Un décalage de timing en raison du matériel nécessaire aux opérations de recensement. “Pourtant, même dans ces trois régions, le recensement des électeurs avance à grand pas”, affirme-t-il. Le chronogramme de la refonte de la liste électorale prévoit trois mois pour le recensement des électeurs. Une étape qui a commencé au début du mois d’octobre et qui sera clôturée à la fin du mois de décembre. Ce recensement des électeurs est, en principe, le socle de la fiabilité de la liste électorale. L’ambition affirmée par la CENI est de solutionner en amont les problèmes de doublons, les coquilles et la question de l’exhaustivité. Les faits sur terrain motivent des réserves, toutefois.

Crise de confiance

Devant la presse, hier, des membres de la plateforme de la société civile (OSC), ROHY, ont justement affirmé leur regret quant à la tiédeur du recensement des électeurs.
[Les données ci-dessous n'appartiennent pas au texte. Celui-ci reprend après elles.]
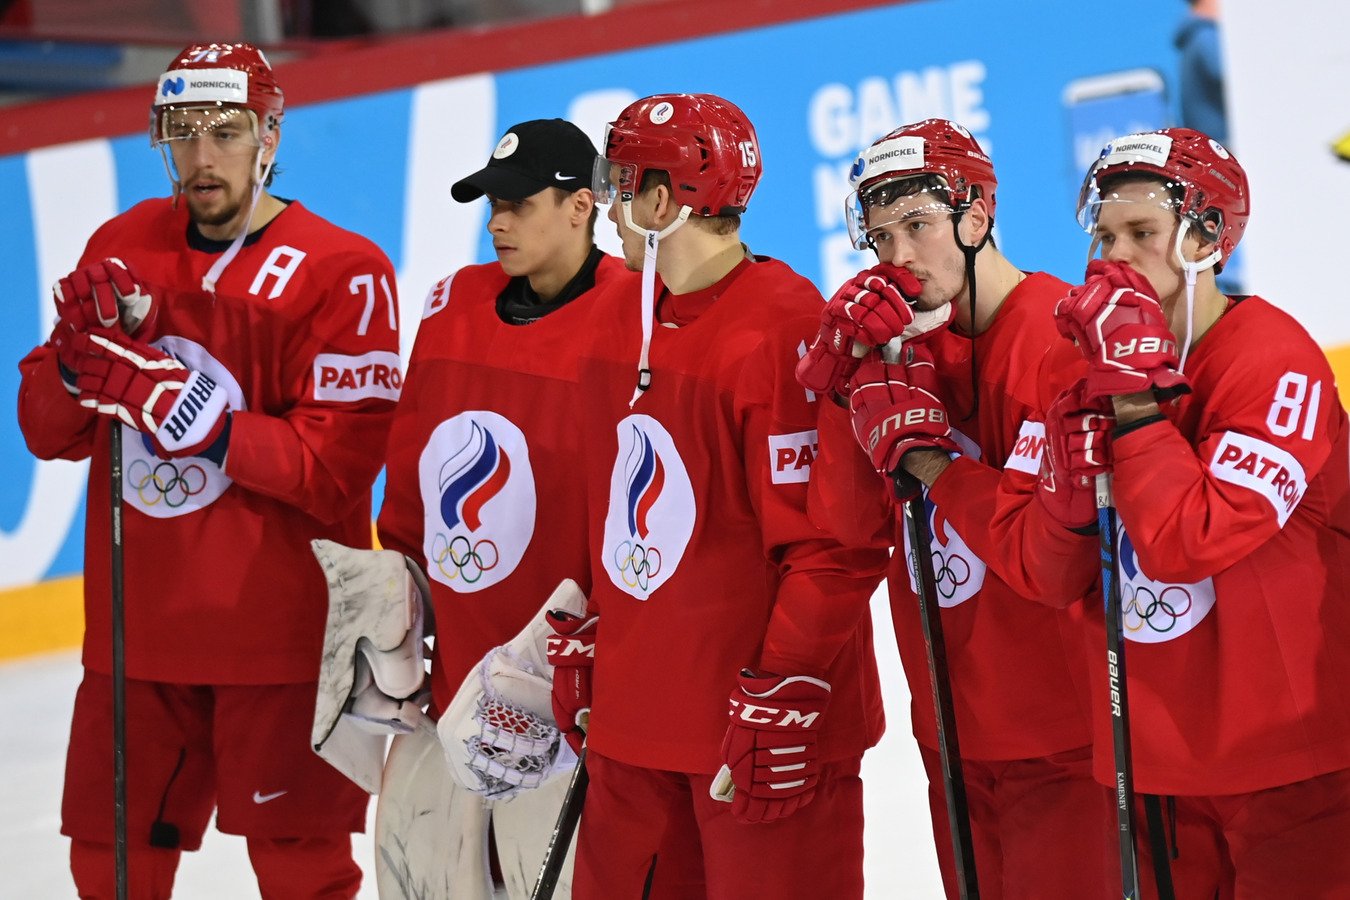 России сборной россии по хоккею фото игроков
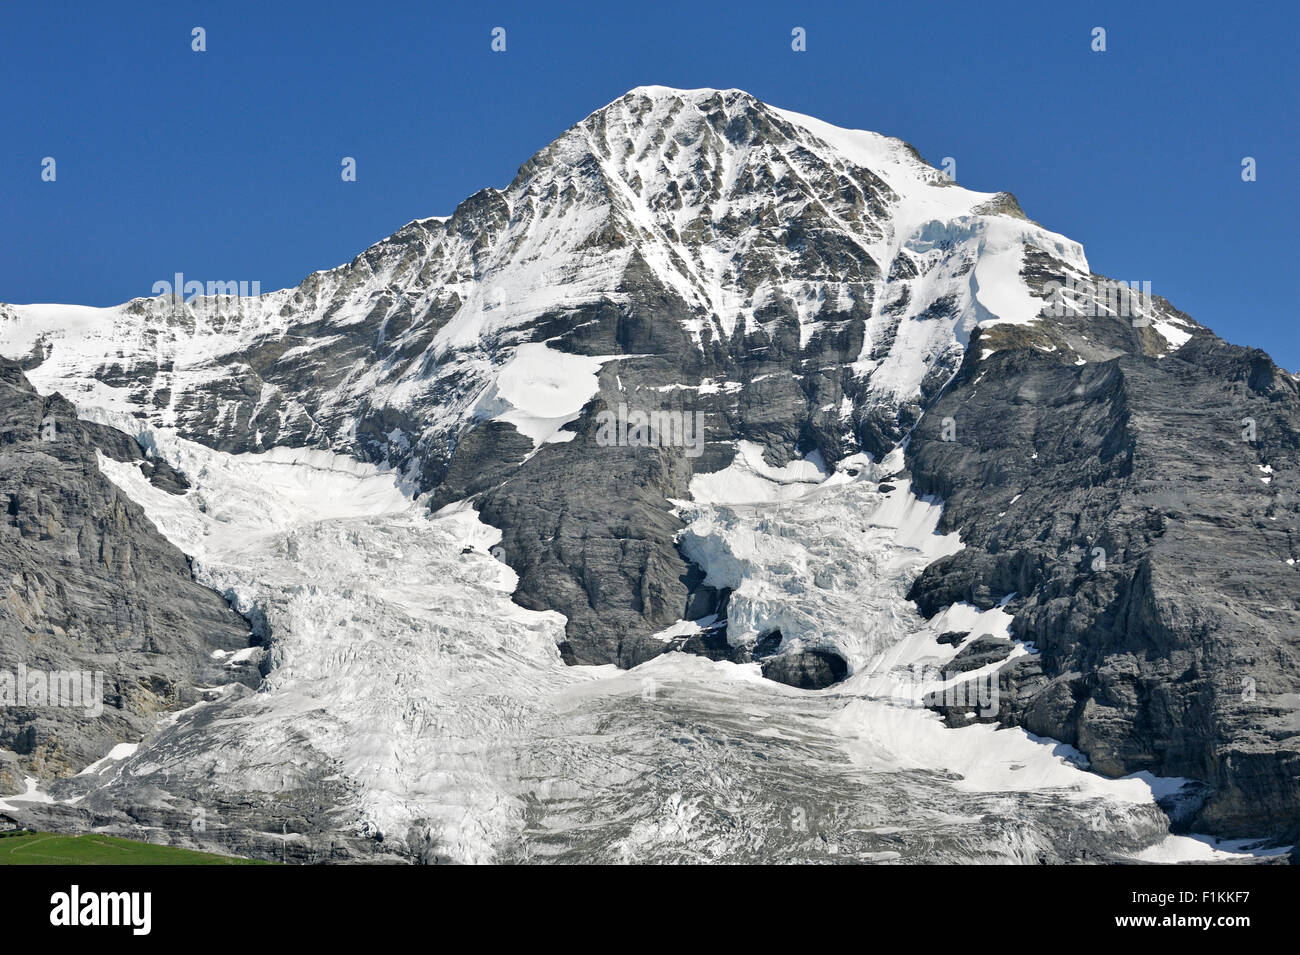 Nordwand des Eiger, gehört zu einem Bergrücken zwischen der Jungfrau und Eiger in den Berner Alpen, Schweiz Stockfoto

Cette entité note particulièrement la non effectivité du maillage du territoire par les agents recenseurs.

Dans la capitale et ses environs, il y a des quartiers où les agents recenseurs sont très actifs. Comme à Soavimasoandro et Ivandry, par exemple, les portes-à-portes se font même le dimanche pour le recensement des salariés qui sont absents durant la semaine. Ce n’est pas le cas partout, cependant. Dans un Fokontany du côté d’Ampitatafika, les habitants ont été conviés au bureau du Fokontany pour le recensement électoral.

À Amboanjobe, un chef de famille s’étonne de ne pas avoir encore vu d’agent recenseur, jusqu’à l’heure. Comme souligné par ROHY, la CENI a annoncé qu’il mise sur les portes-à-portes par les agents pour le recensement électoral. À un mois et demi de la fin de la période de recensement électoral, la CENI est dans l’obligation de mettre les bouchés doubles pour atteindre l’objectif de treize millions d’électeurs inscrits.

Selon Soava Andriamarota­fika, elle compte dans les prochains jours activer le recensement des travailleurs sur leur lieu de travail. Il y a les travailleurs informels à prendre en compte aussi. À l’allure où vont les choses, l’option d’une prolongation du délai de trois mois pourrait être levée. “Dans les grandes villes, il y a des opérations de mobilisation citoyenne, deux fois par semaine, dans les Fokontany. Et contrairement aux perceptions, les agents recenseurs travaillent dur”, défend le rapporteur général de la CENI. A entendre Soava Andriamarotafika, toutefois, le plus grand défi de la Commission électorale est de briser la crise de confiance avec les citoyens. Des appréhensions qui impactent grandement le recensement électoral.